> [Record set]
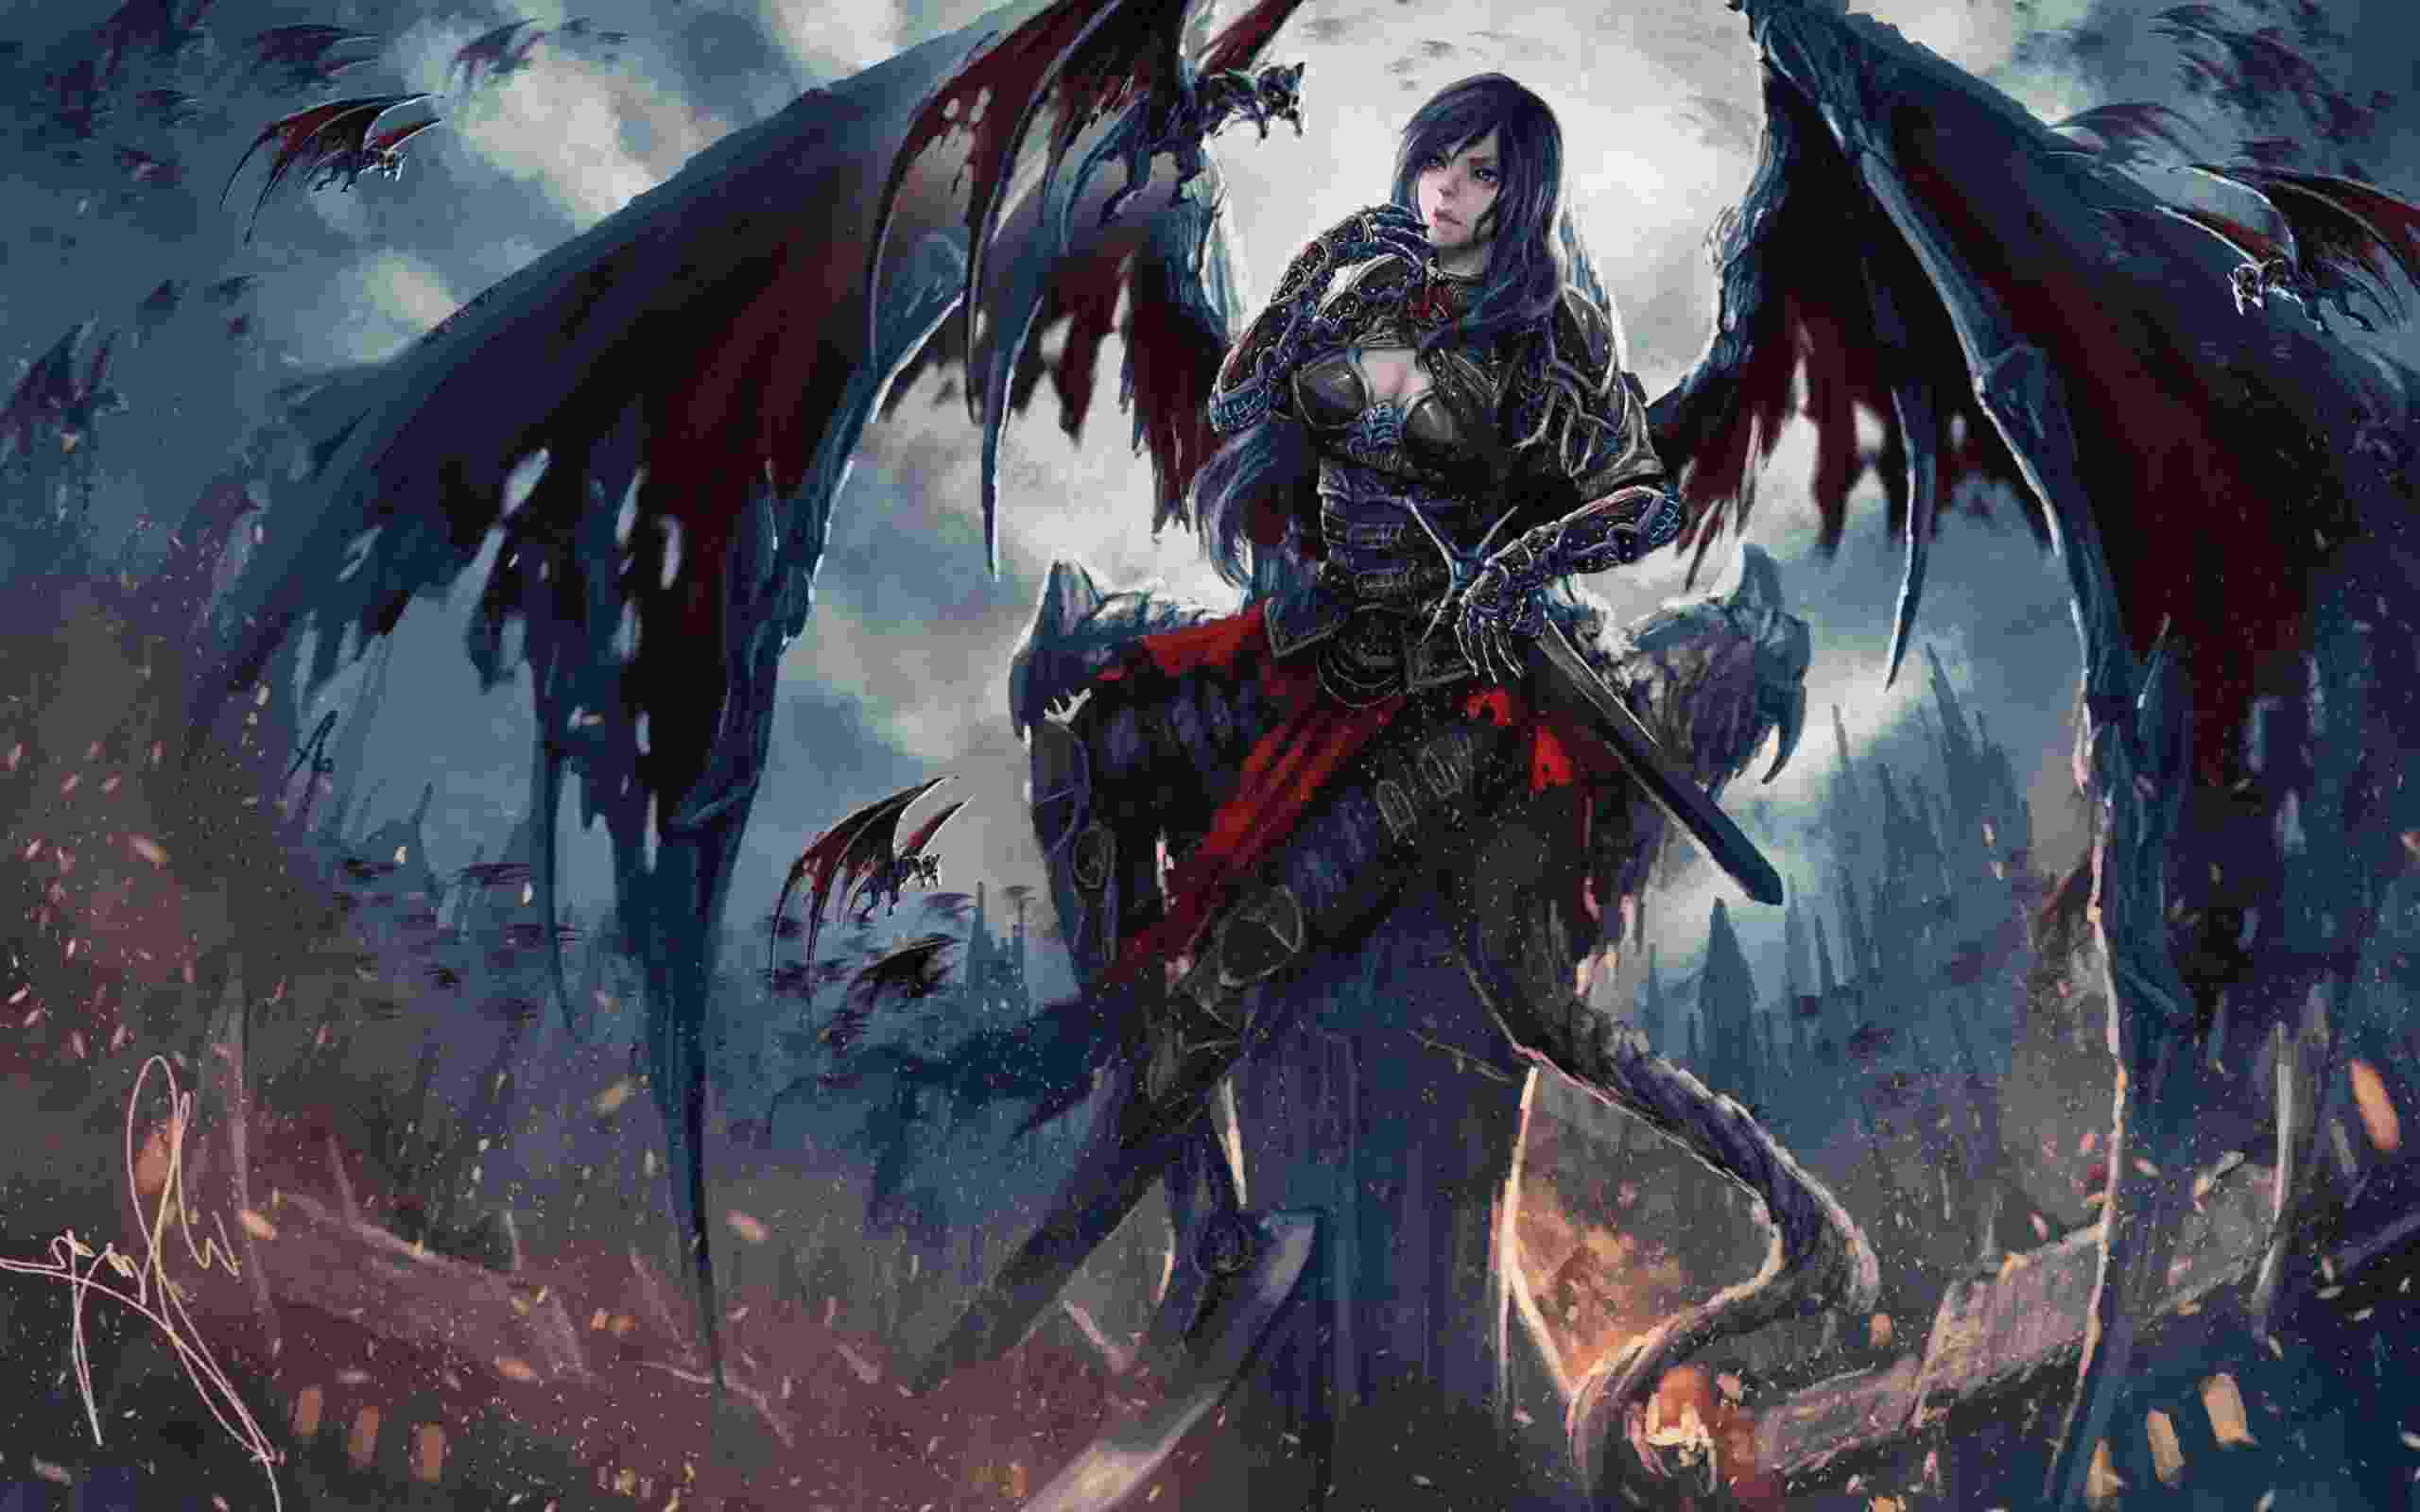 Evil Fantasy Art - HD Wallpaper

==

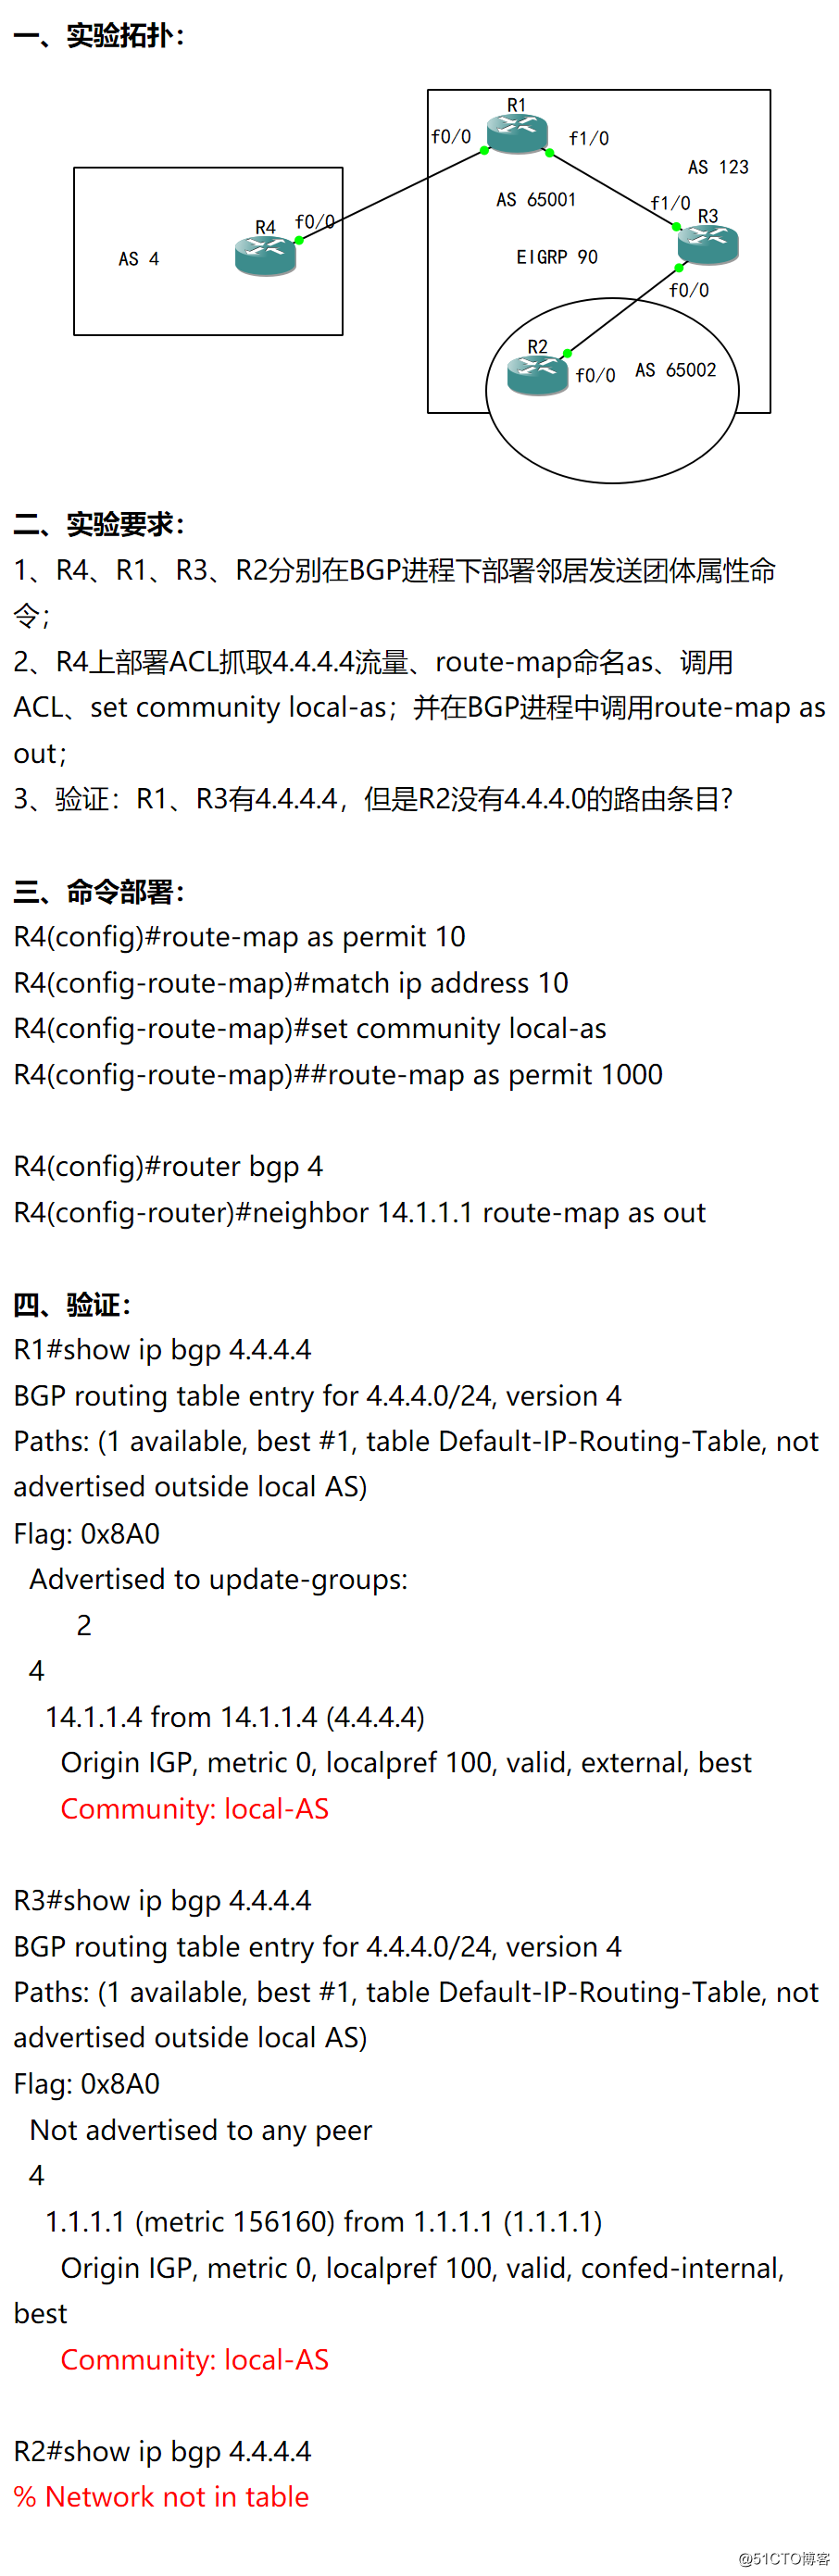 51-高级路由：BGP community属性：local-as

---

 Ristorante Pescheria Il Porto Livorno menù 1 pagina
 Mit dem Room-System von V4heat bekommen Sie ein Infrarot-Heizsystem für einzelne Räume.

> [Problem details] Using the records above, set down exactly the lines from the one with "Ristorante Pescheria Il" through the one with "Mit dem Room-System", inclusive, and nothing more.

> [Expected answer]
 Ristorante Pescheria Il Porto Livorno menù 1 pagina
 Mit dem Room-System von V4heat bekommen Sie ein Infrarot-Heizsystem für einzelne Räume.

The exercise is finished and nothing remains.